HR Policy Global
Opinion

BEERG Extra - Something’s gotta give

Published on: March 2, 2020

Topics: Employee Relations, Global

Call me Irresponsible…

It’s a tale of Sinatra being too Frank; of the ‘Chairman of the Board’ ignoring the media’s request for a briefing, then publicly launching personal and sexist attacks on them in the middle of a major concert.  He was doing so at the wrong time and the wrong place. 

It was July 1974. Francis Albert must have had high hopes of his world-wide comeback tour. Instead, it looked like a few upset trade unions would turn a handful of Australian dates into a ‘you’ll never leave here unless you apologise’ siege in Sydney. With a few ill- considered remarks, the singer turned “Ol’ Blue eyes is back” into Ol’ Blue Eyes is blacked. 
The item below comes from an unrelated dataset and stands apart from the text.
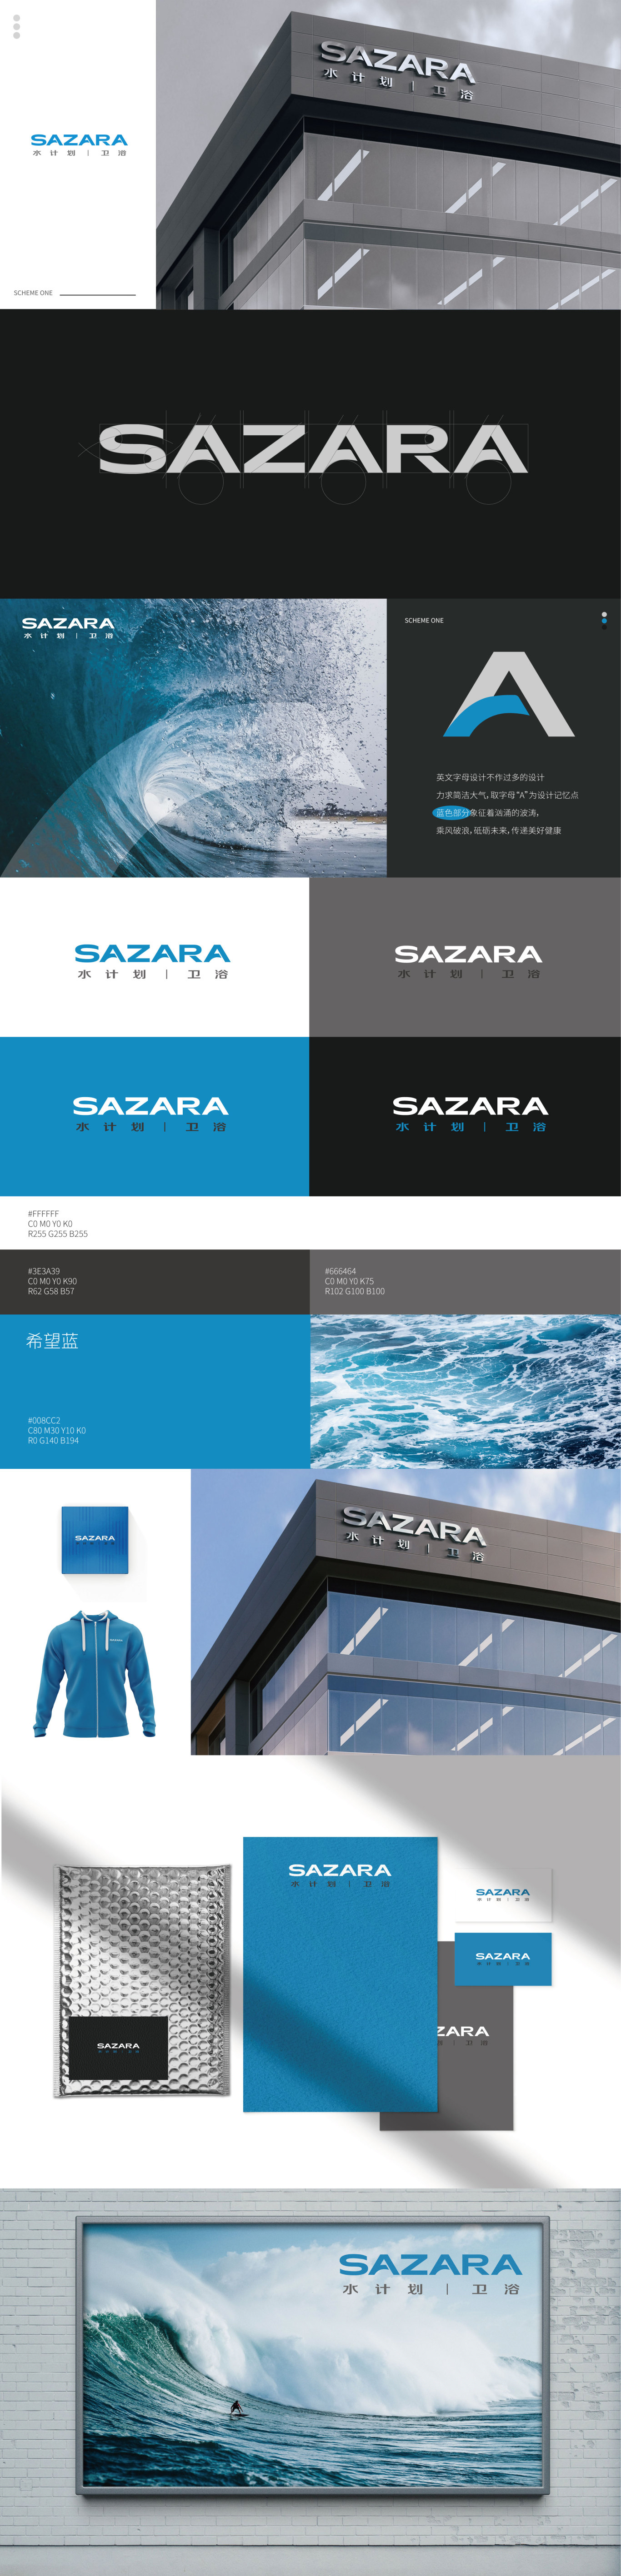 SAZARA水计划/卫浴厨卫产品标志设计图0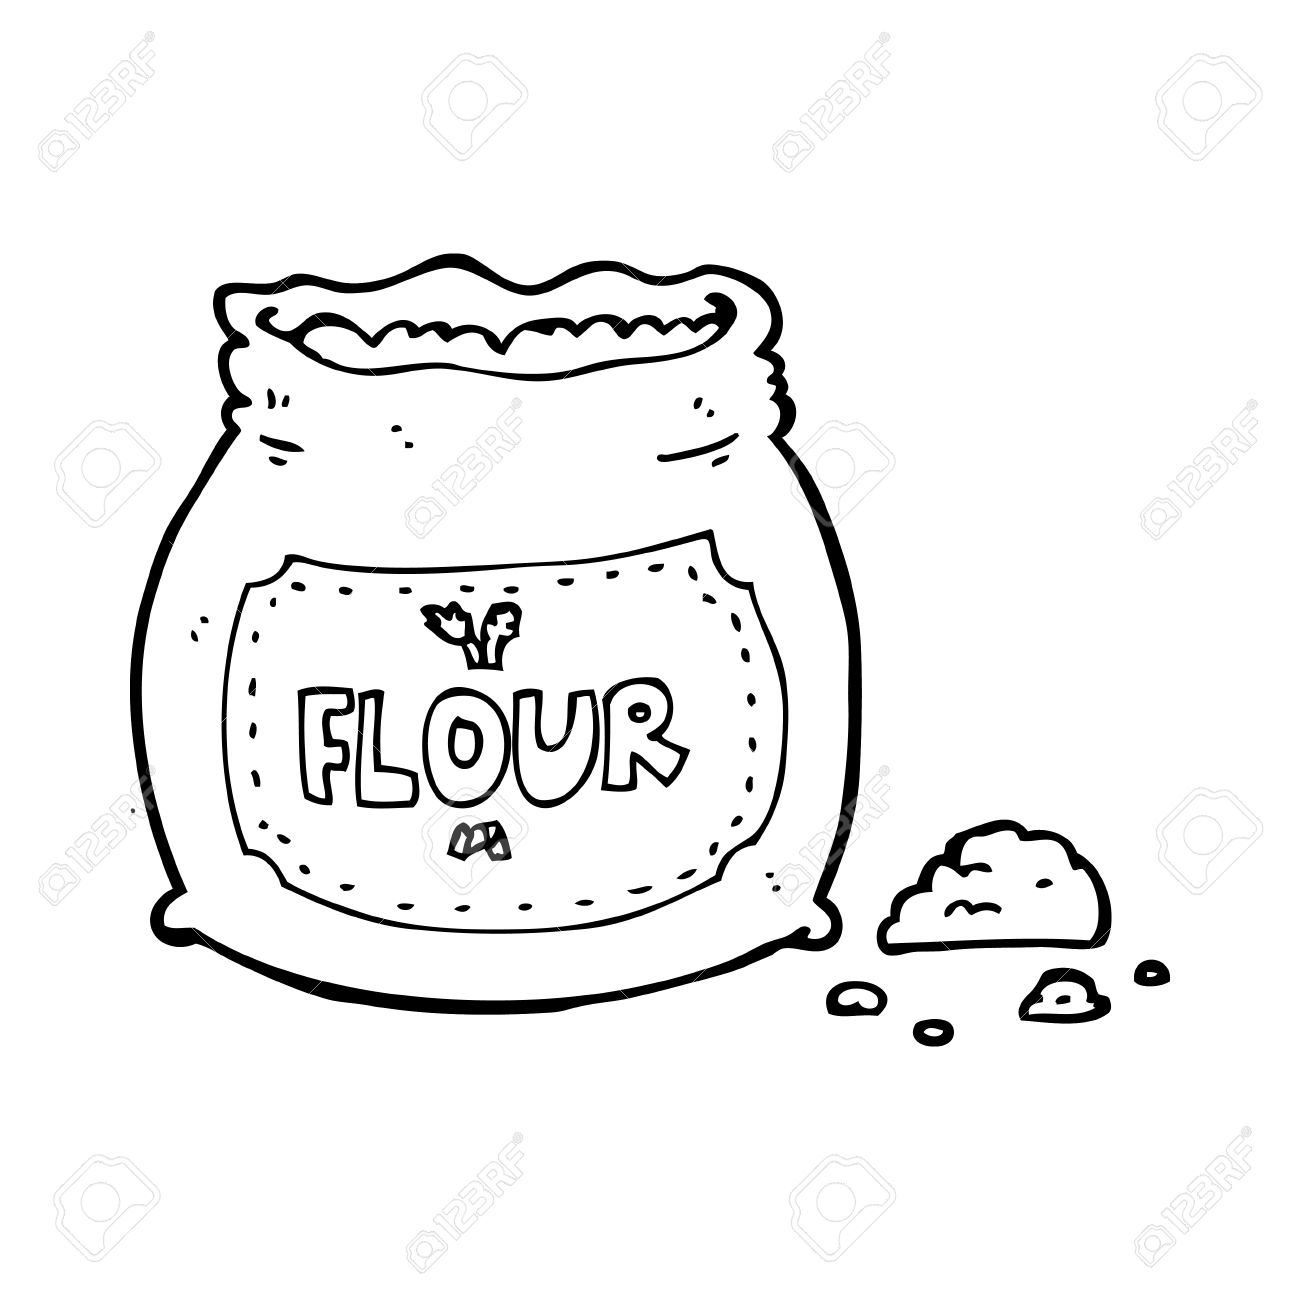 Flour clipart bag flour #6

The leader of the Australian Council of Trade Unions at the time was Bob Hawke. Oxford-trained, his skills and 1956 thesis on wage-fixing won him rapid advancement in the ACTU. Popular and charismatic, by 1974 he was already an expert negotiator with a ‘Mr Fixit’ reputation. But for him, the best is yet to come. 

Within 10 years, he would go on to be one of Oz’s most successful Labour Prime Ministers, known as the Silver Bodgie on account of his hair (Bodgie is an Australian term for men with that back-combed look); and sometimes as the Dodgy Bodgy – for reasons that may become clearer shortly. 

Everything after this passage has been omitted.